Justru Istilah New Normal Bikin Orang Lalai

Terminologi atau istilah new normal banyak variasi. Banyak perbedaan istilah baik antara pemerintah pusat maupun daerah. Padahal termonologi new normal ini membuat masyarakat lalai. Apalagi memang belum ada payung hukumnya.


Demikian disampaikan Direktur Eksekutif Indo Barometer, M. Qodari saat menjadi pembicara diskusi virtual Smart FM bertajuk "Jelang Usai PSBB Transisi", Sabtu (4/7/2020).

Pembicara lain, Wakil Gubernur DKI Jakarta, Ahmad Riza Patria; Wakil Ketua Ombudsman, Lely Pelitasari Soebekty; dan pakar epidemilogi UI Pandu Riono.

Qadari mengatakan, untuk menggambarkan fase hidup baru di tengah pandemik Covid-19 yang saat ini akrab dengan terminologi new normal, justri dinilai membuat masyarakat lalai.

"Saya pribadi dari awal sudah menggunakan terminologi tatanan hidup dengan Covid-19 disingkat THC. Saya bersikukuh nama Covid-19-nya tetap digunakan dalam istilah supaya orang punya kesadaran penuh bahwa kita ini masih hidup dengan Covid-19. Istilah new normal itu problematik karena bikin orang lalai," urai Qadari.

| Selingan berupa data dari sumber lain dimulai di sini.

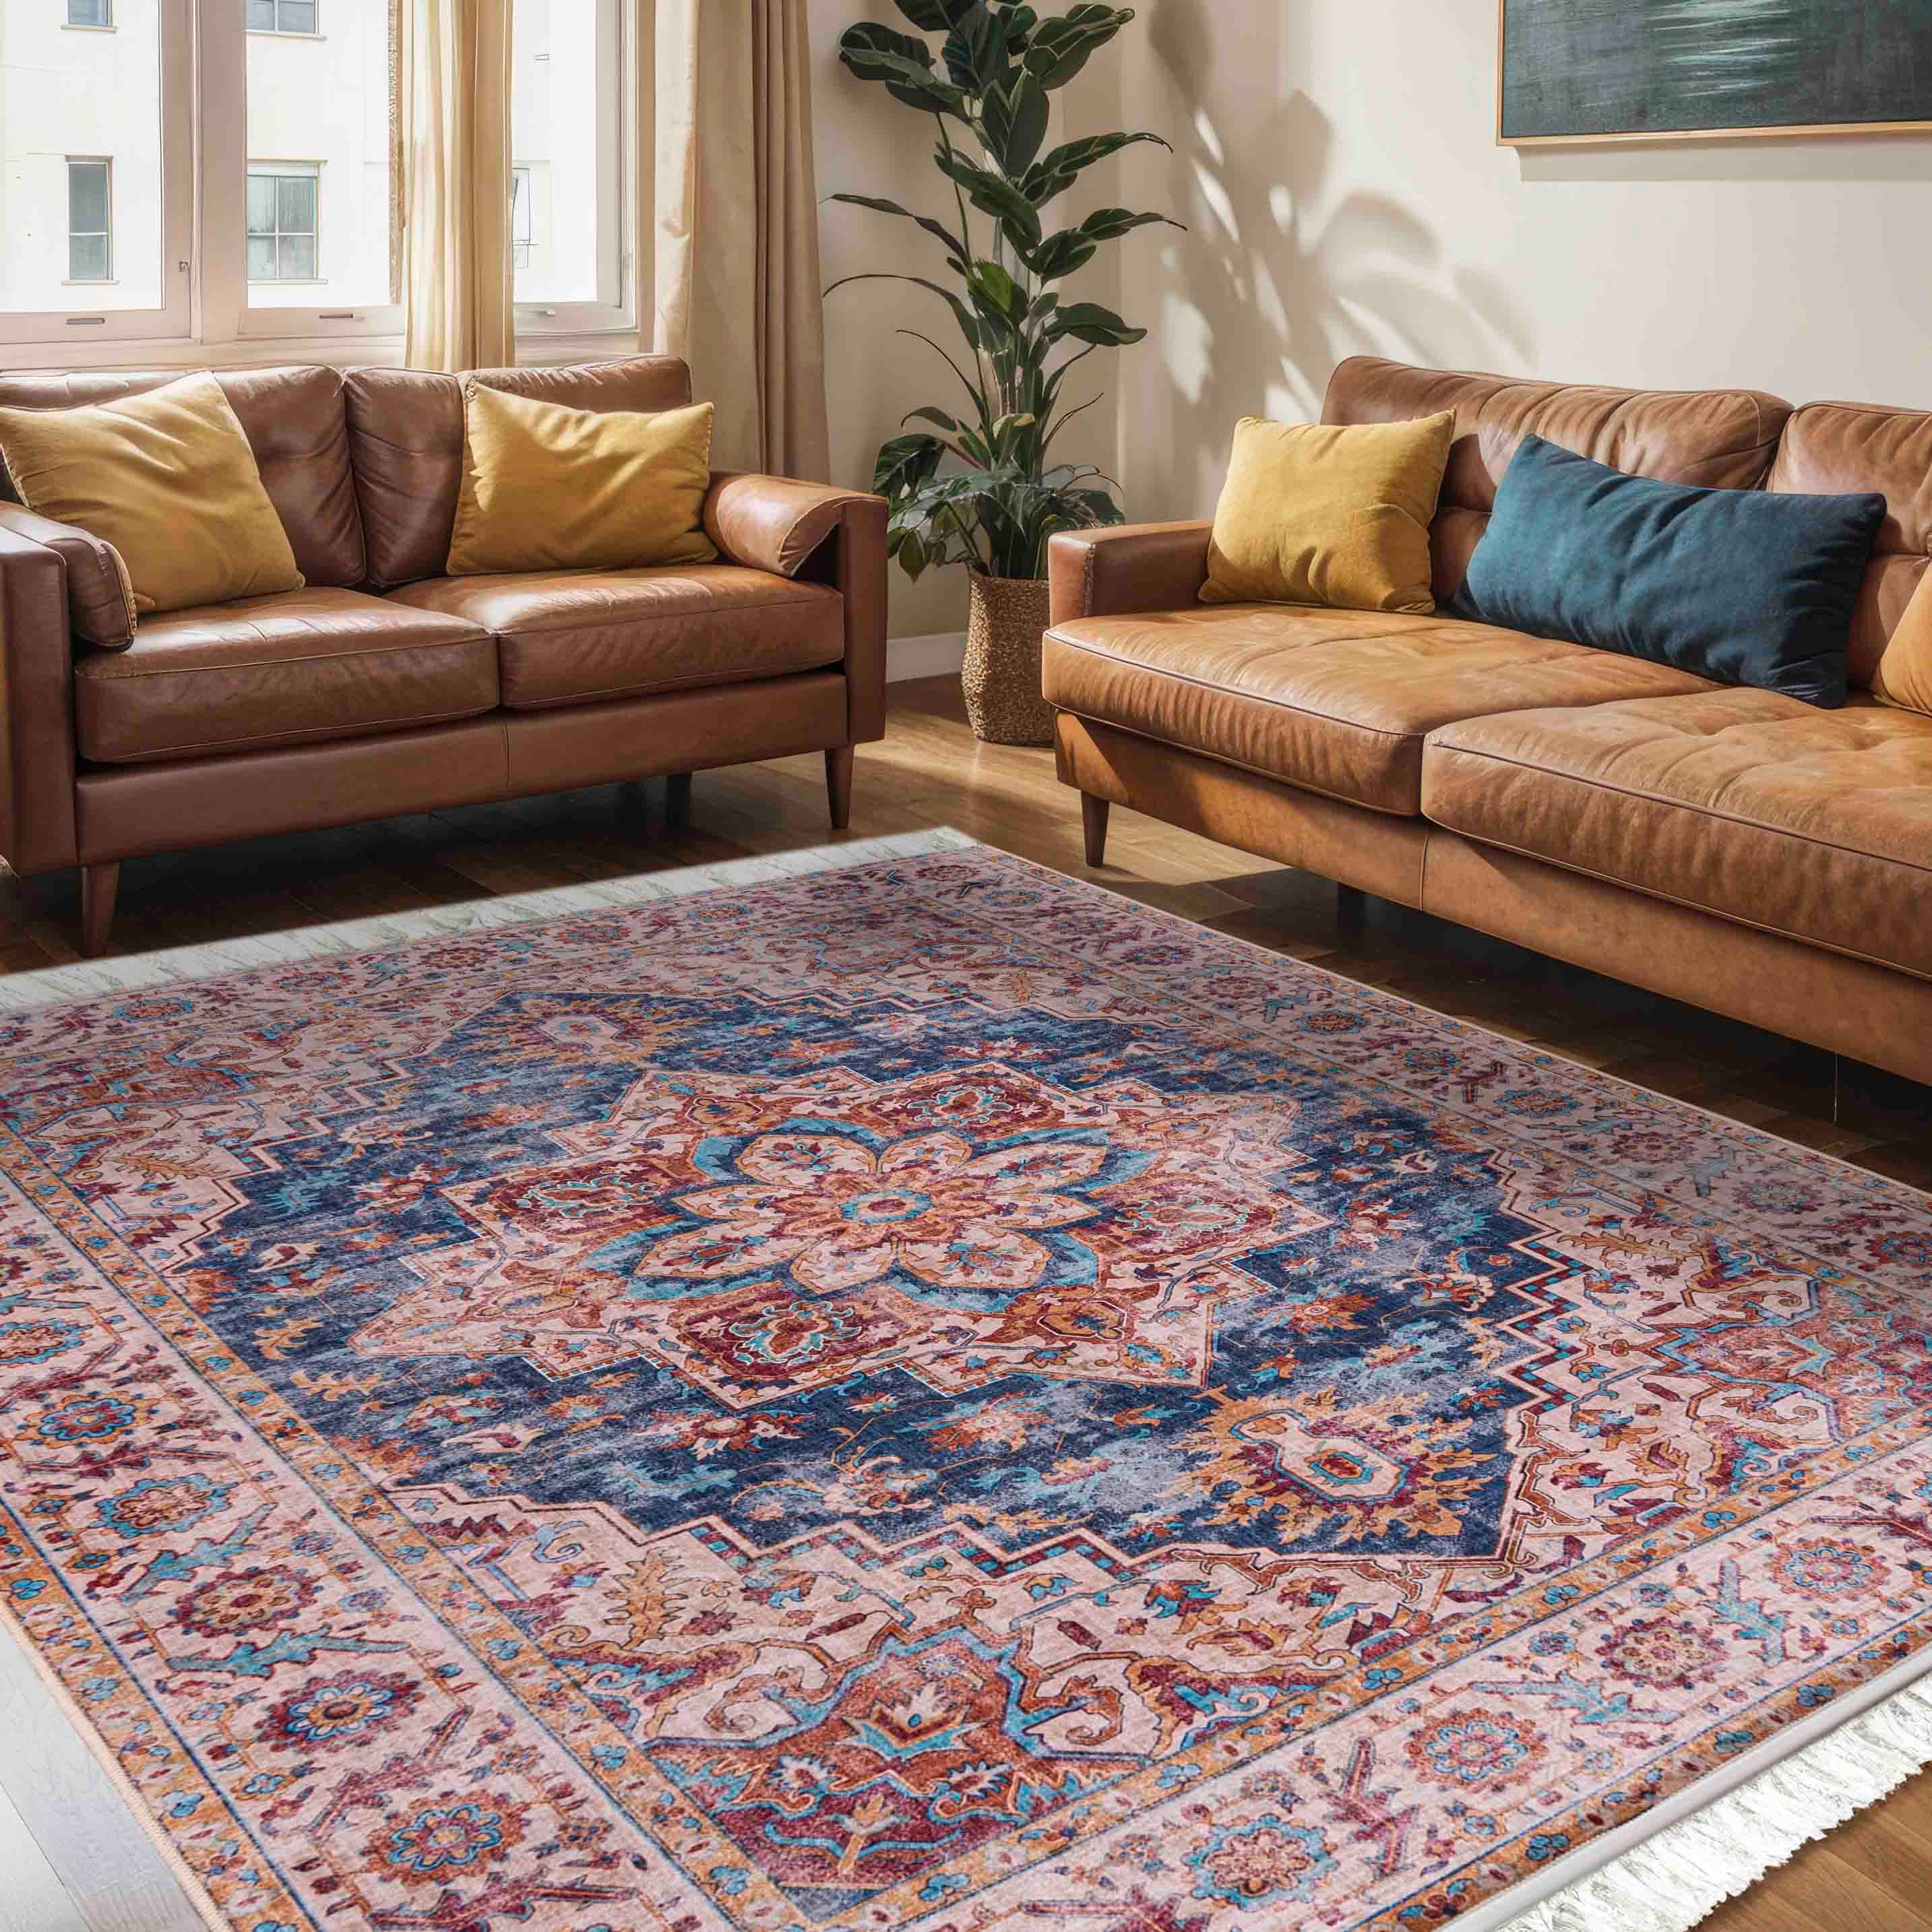 Orientteppich Teppich Oriental Orientteppich Wohnzimmer Orient Muster Beige Braun, Mazovia, 120 x 170 cm, Fußbodenheizung, Allergiker geeignet, Rutschfest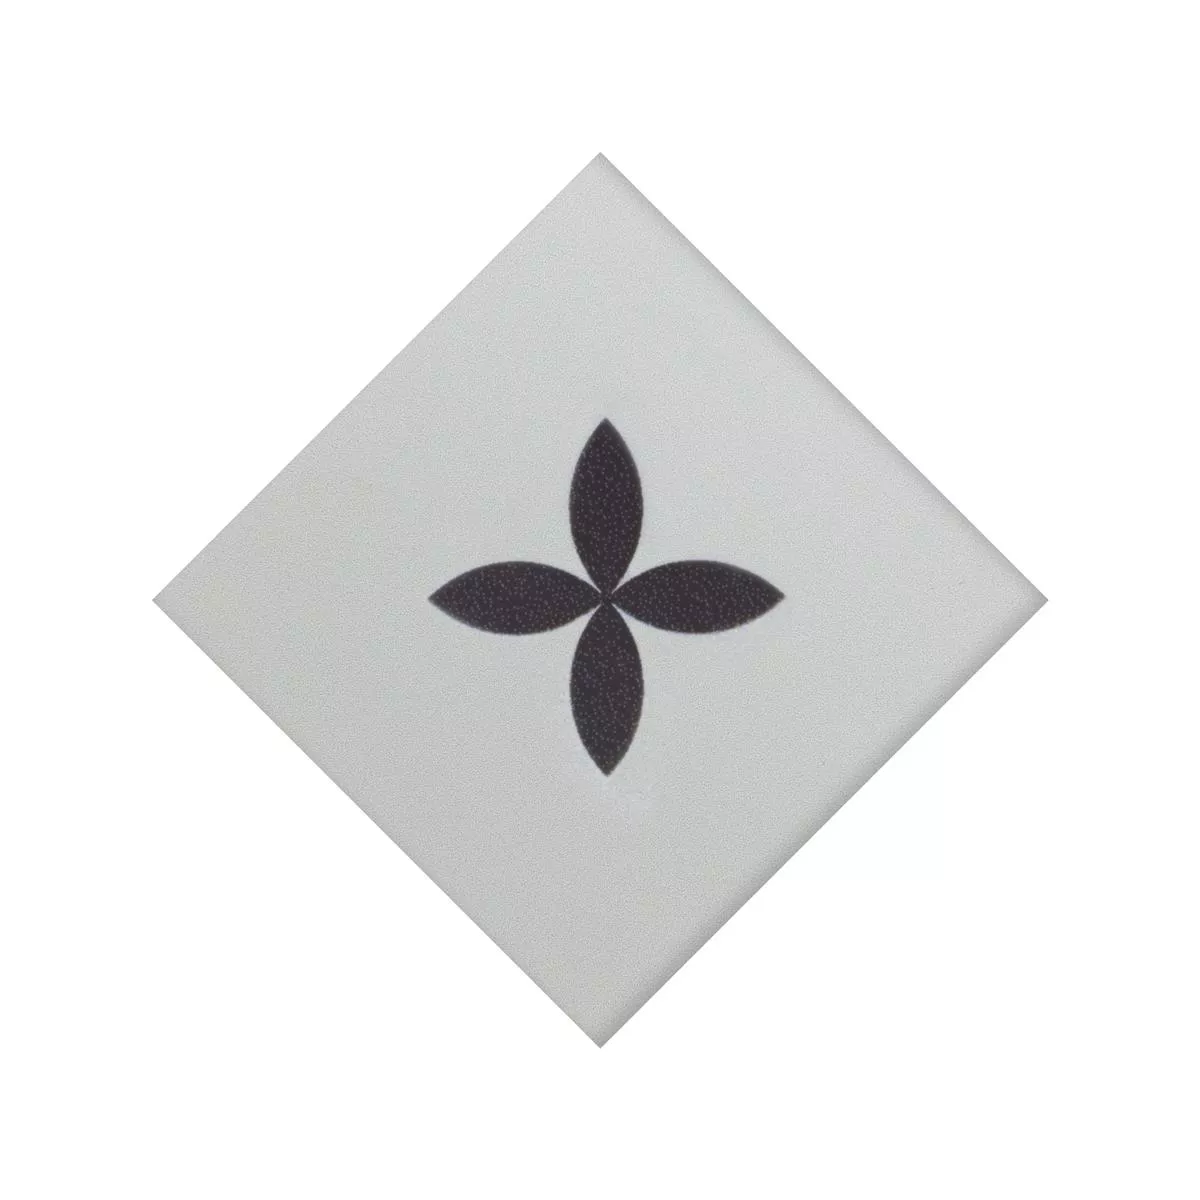 Porcellanato Fliser Genexia Sort Hvid Decor 4 Rosone  4,6x4,6cm

Terminologi new normal, tambah dia juga menyesatkan lantaran membuat masyarakat tidak sadar akan bahayanya virus yang hingga saat ini belum ditemukan vaksinya itu. Dengan adanya termonologi Covid-19, Qadari yakin masyarakat bakal sadar dan lebih disiplin.

"Jadi kalau Covid-19 ada di kepala mereka maka perilaku mereka akan lebih terjaga," ucap dia.

Masalah lainya, hingga saat ini new normal atau adaptasi kehidupan baru dan sejenisnya itu belum ada undang-undang yang menjadi payung hukum. Qadari mengungkap, sepengamatanya, payung hukum yang dijadikan rujukan hanyalah UU Karantina Kesehatan dan keputusan-keputusan yang berserak dari Gugus Tugas Percepatan Penanganan Covid-19 dan Kementerian Kesehatan.

"Padahal, UU Karantina Kesehatan dimaksudkan untuk mencegah penyebaran penyakit Covid-19, sebetulnya payung hukumnya belum ada yang ada sekarang ini baru uji coba, simulasi. Paling bantar itu kalau saya lihat keputusan-keputusan yang berserak baik yang dikeluarkan oleh Gugus Tugas atau yang dikeluarkan Kementerian Kesehatan kalau menurut saya harus UU ini entah bagian dari UU Kesehatan ataupun UU tersendiri," demikian M Qadari. [ida]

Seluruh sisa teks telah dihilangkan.